Randolph was born in Virginia on August 10, 1753. In 1775, when Randolph was only 22 years old, Thomas Jefferson and Patrick Henry wrote letters to George Washington introducing the two and recommending him for a position in the Continental Army. Jefferson wrote, “This young gentleman’s abilities, natural and acquired, his extensive connections, and, above all, his desire to serve his country in this arduous struggle, are circumstances that cannot fail to gain him your countenance and protection.” Washington then gave Randolph the position of aide-de-camp. Randolph became Washington’s apprentice throughout his term with the Continental Army, though his time was cut short when his uncle died and he had to return to attend to the family property.
After his tenure in the Continental Army, Randolph was elected to the Virginia Convention in 1776, at the young age of 23. He was then elected to the Continental Congress in 1779 and in 1786 he was elected as the governor of Virginia. While governor of Virginia, Randolph was selected by the people to attend the Constitutional Convention where he presented the Virginia Plan with his fellow Virginia delegates. Randolph resigned as governor in 1788 in order to serve in Virginia’s House of Delegates.
However, his career as a state legislator was cut short when Washington offered him the opportunity to become the first Attorney General. Throughout his time as Attorney General, Randolph helped design the country’s justice system. In 1794, Randolph took Jefferson’s place as Secretary of State in Washington’s cabinet.

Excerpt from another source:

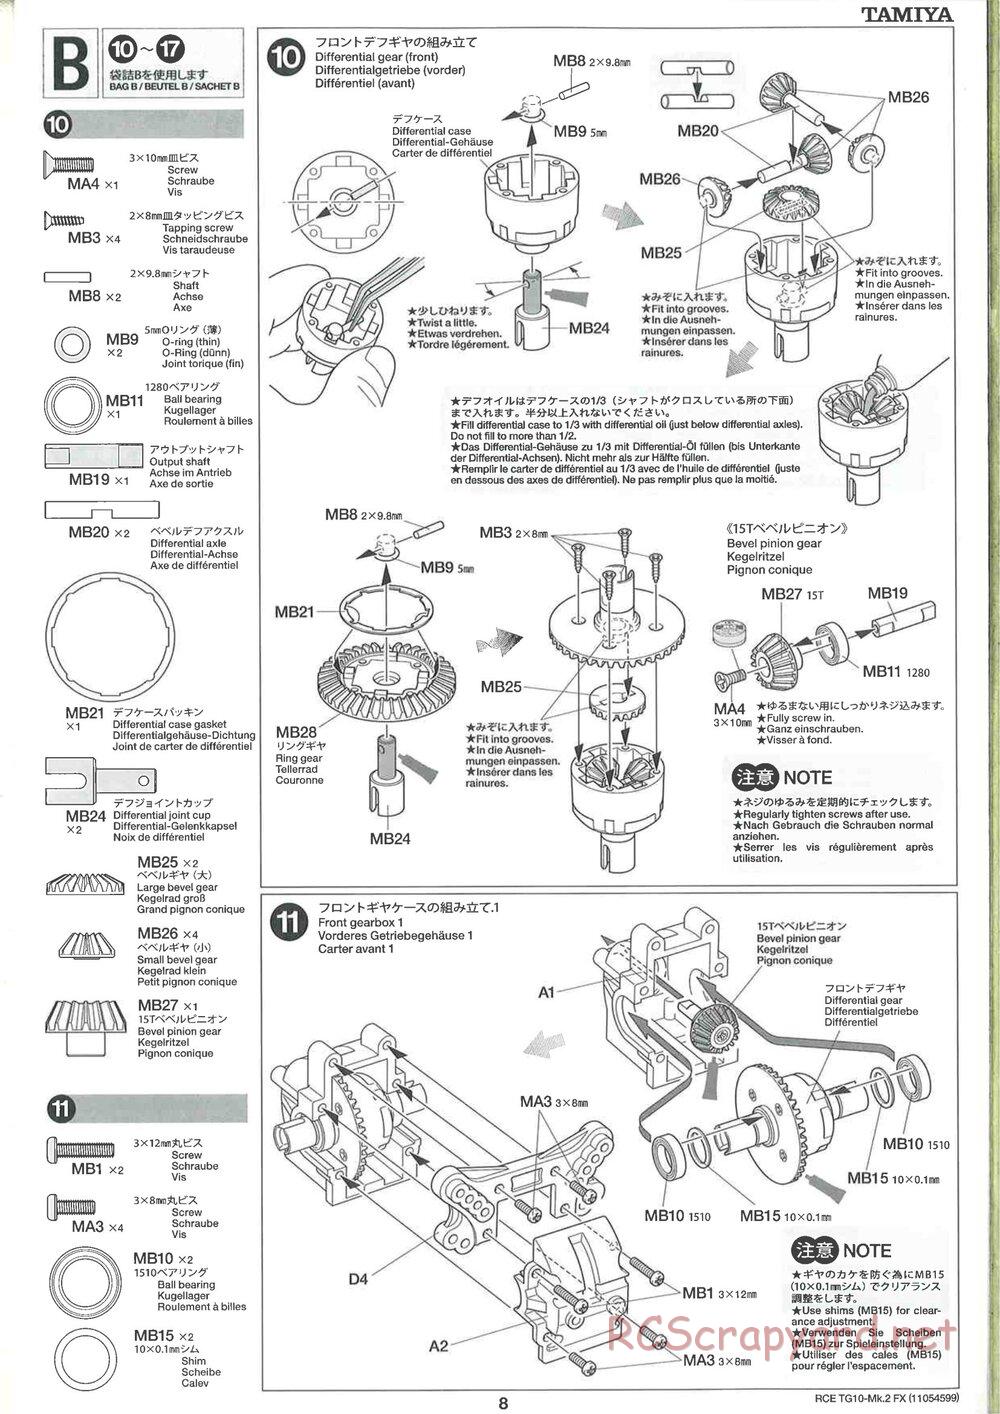 Tamiya - TG10 Mk.2 FX Chassis - Manual - Page 8
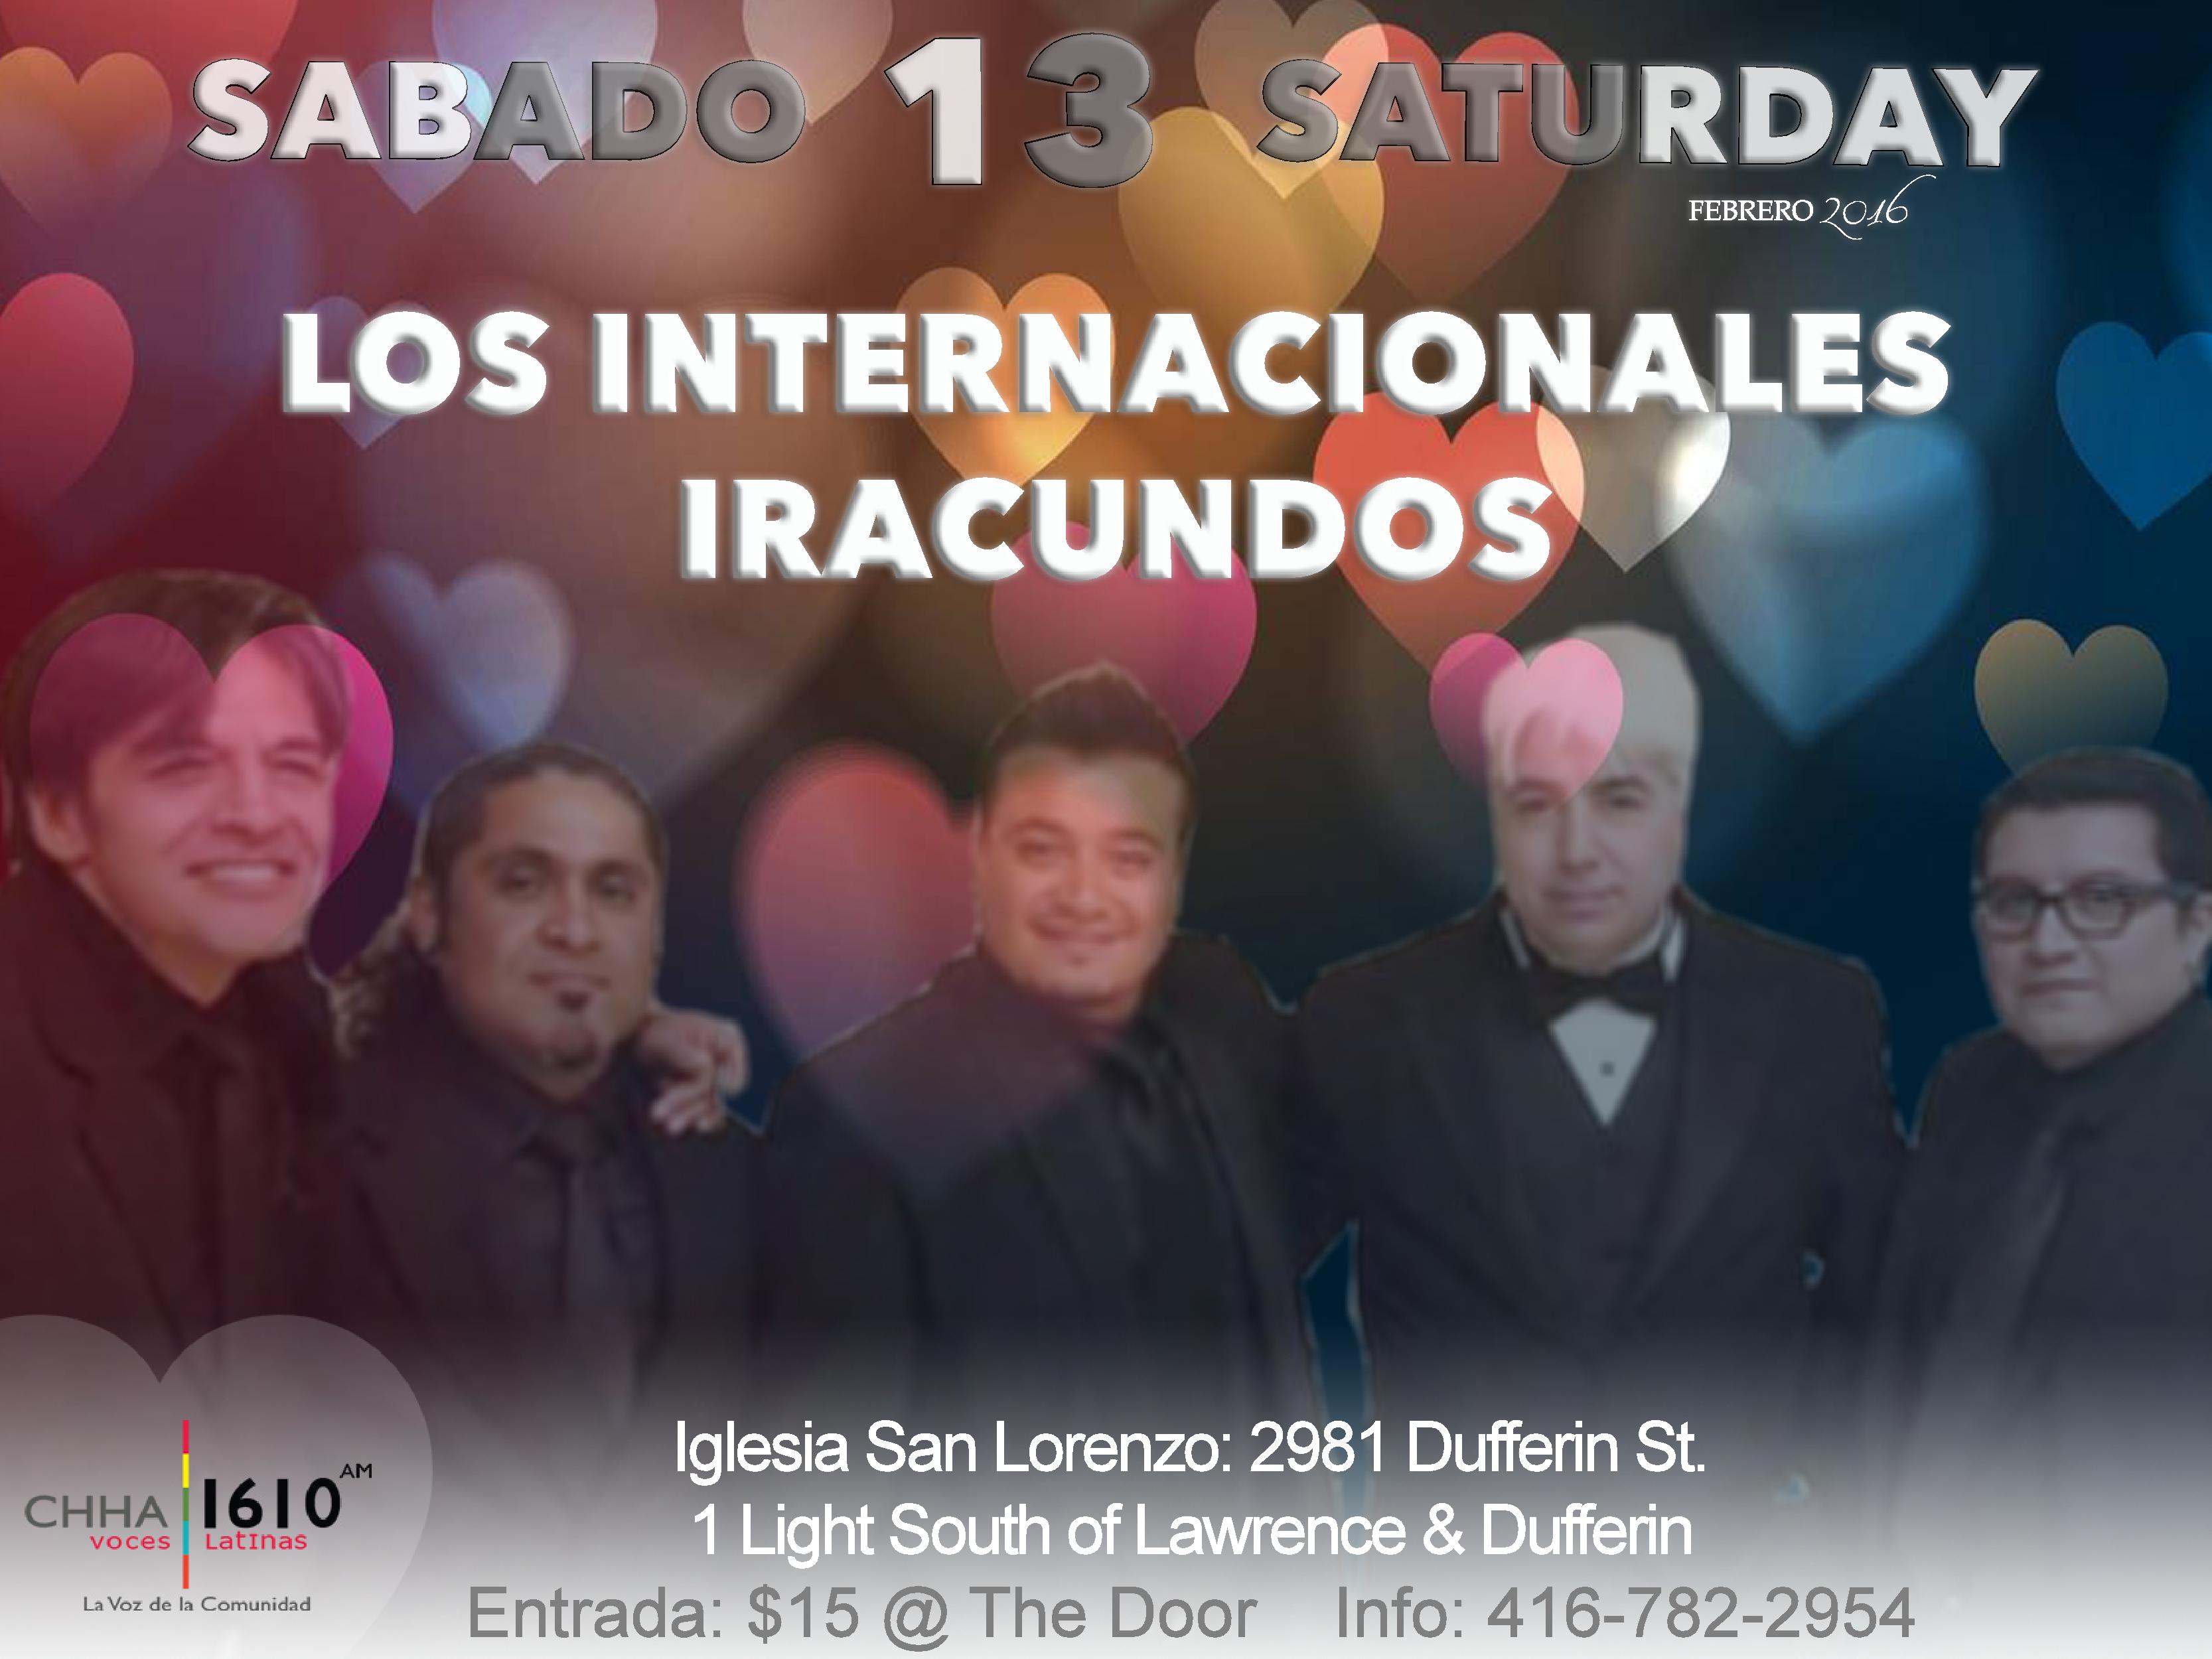 Los Internacionales Iracundos Realizan Concierto en Iglesia San Lorenzo

However, while Randolph was Secretary of State, some tension between him and his mentor developed. Washington decided to sign Jay’s Treaty which would begin to resolve the tensions with Britain. Randolph believed that this would injure trade with France and ruin our relationship with the country who helped us win the Revolutionary War, in order to appease the country who we went to war against. The British Navy intercepted letters from Randolph written to Joseph Fauchet, a French minister. The letters seemed to suggest that Randolph was providing the French with some confidential knowledge of the cabinet’s proceedings, and complaining about the administration. At the very least, it looked like Randolph was open to being swayed by his relationships with the French, at the worst it looked like he was betraying the country’s interests and dishonoring her before foreigners. A few days after receiving the letter, Washington presented it at a cabinet meeting and Randolph was so embarrassed that he had no choice but to resign.
Randolph wrote a pamphlet called A Vindication in which he defended his actions; however, he would never secure another political position. After the scandal he returned to Virginia to practice law, and he defended Aaron Burr against charges of treason in 1807.